***** Supplied information *****

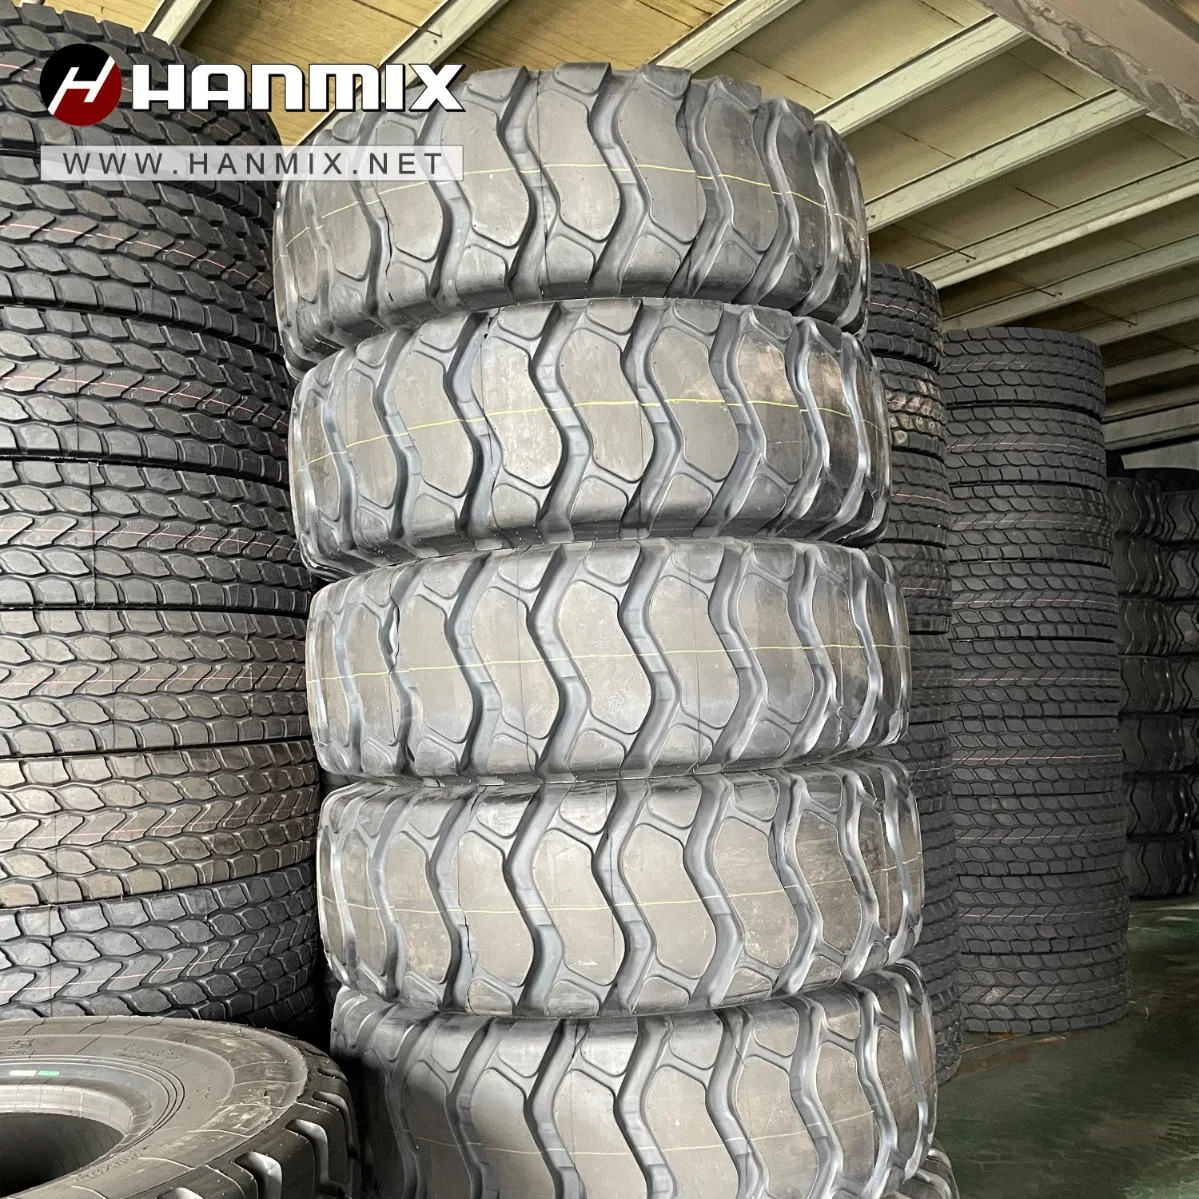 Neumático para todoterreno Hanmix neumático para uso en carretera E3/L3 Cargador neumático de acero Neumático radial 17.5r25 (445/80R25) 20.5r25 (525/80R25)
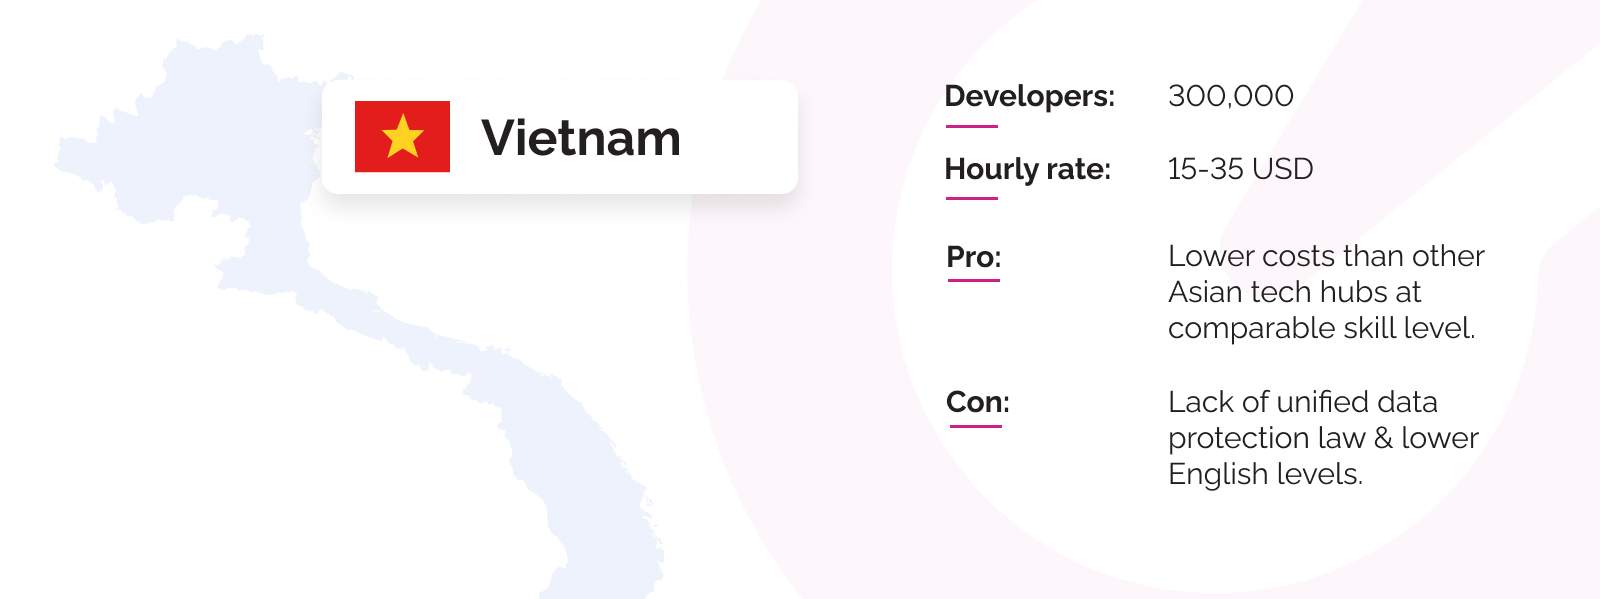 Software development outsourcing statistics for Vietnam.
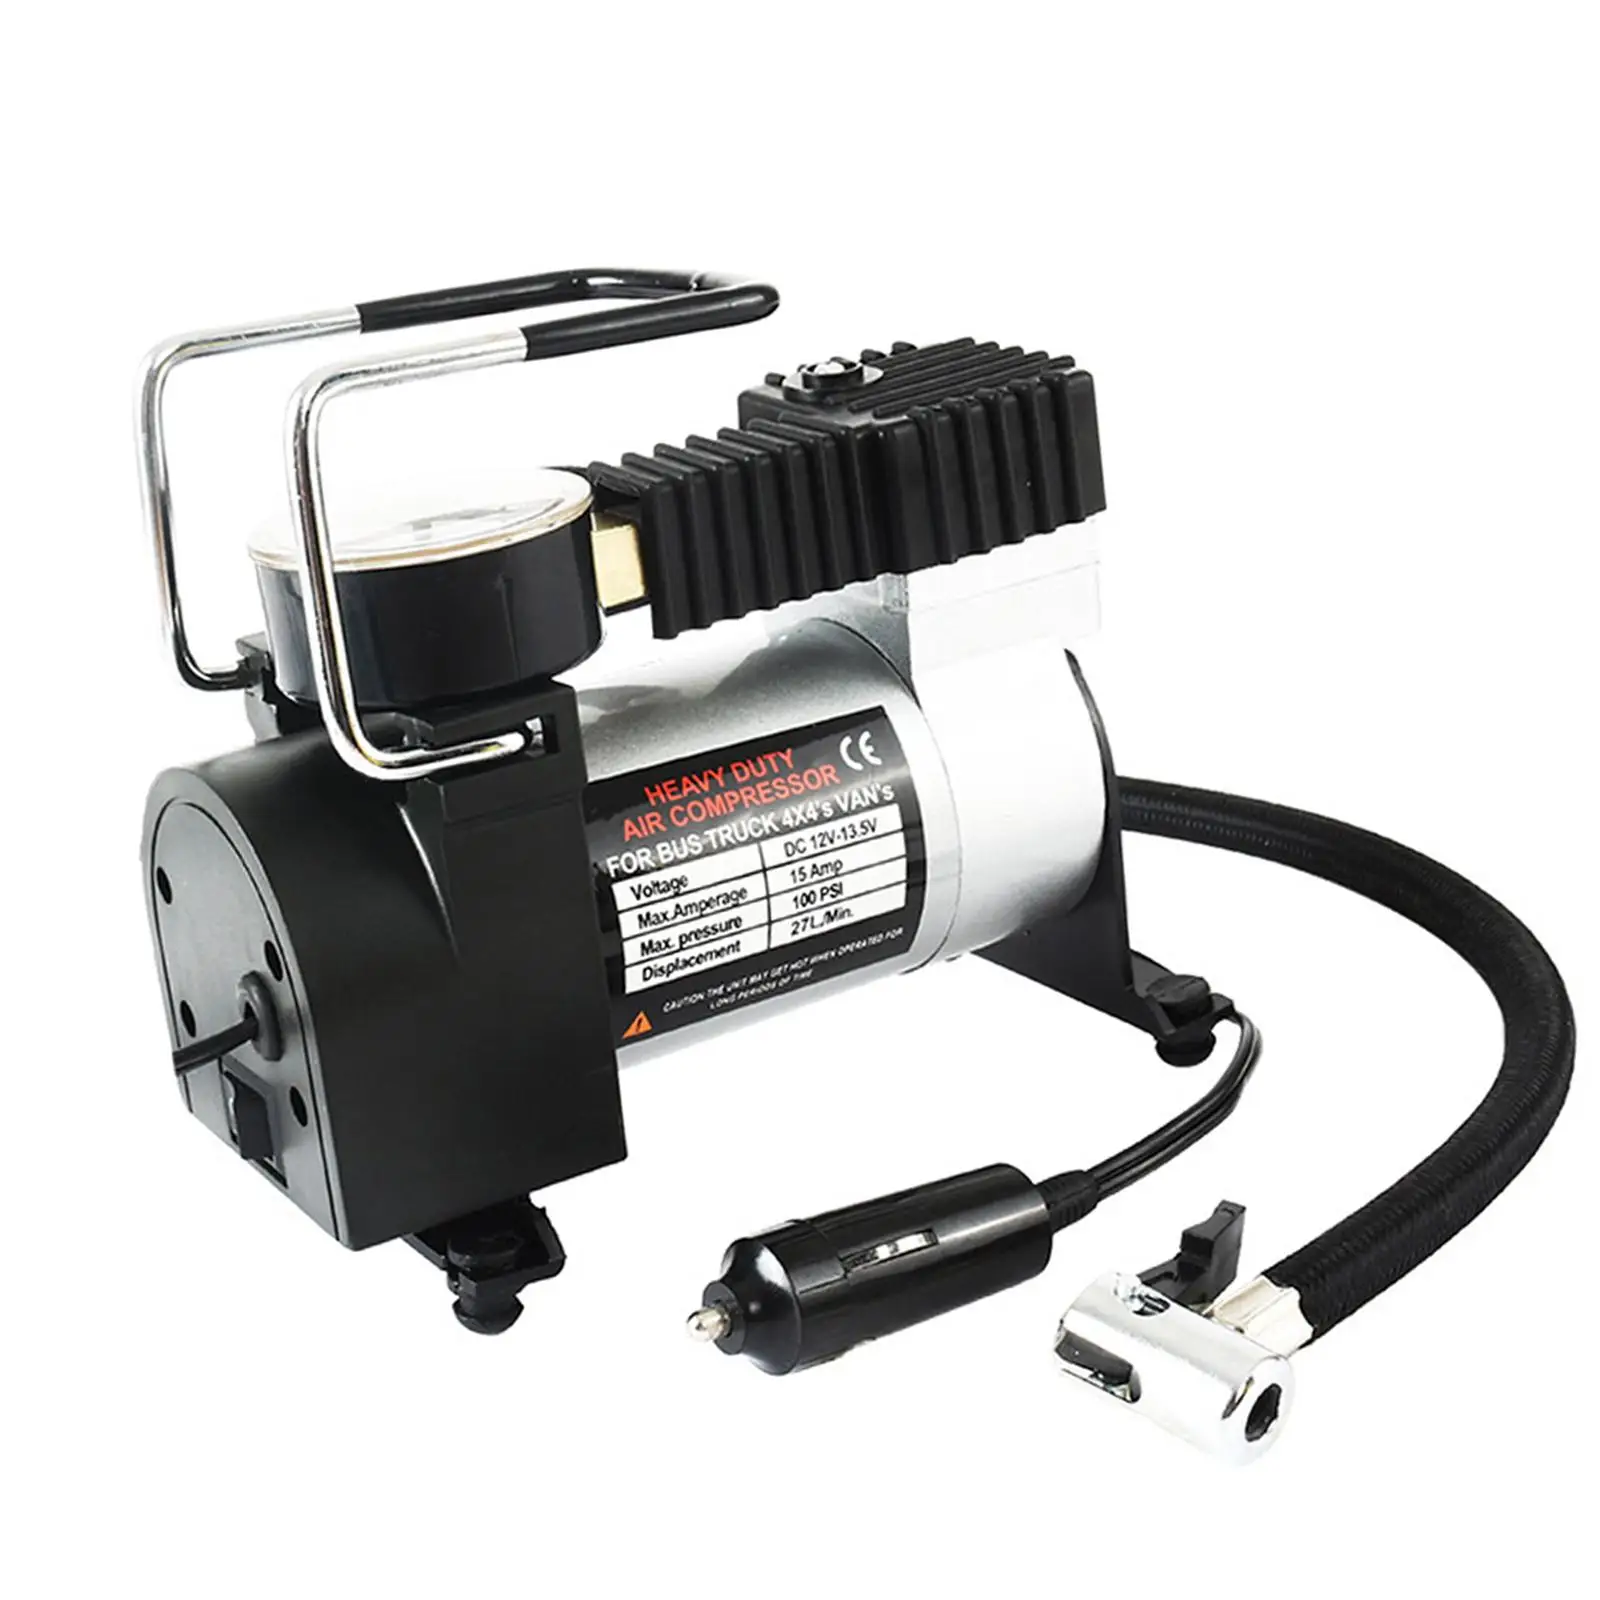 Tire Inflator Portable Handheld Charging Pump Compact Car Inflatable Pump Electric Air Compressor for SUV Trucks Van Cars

*****

→ **Your assignment**: The whole listing is to be retyped exactly, with its pictures removed.

→ **Your response**:
 Neumático para todoterreno Hanmix neumático para uso en carretera E3/L3 Cargador neumático de acero Neumático radial 17.5r25 (445/80R25) 20.5r25 (525/80R25)
 Software development outsourcing statistics for Vietnam.
 Tire Inflator Portable Handheld Charging Pump Compact Car Inflatable Pump Electric Air Compressor for SUV Trucks Van Cars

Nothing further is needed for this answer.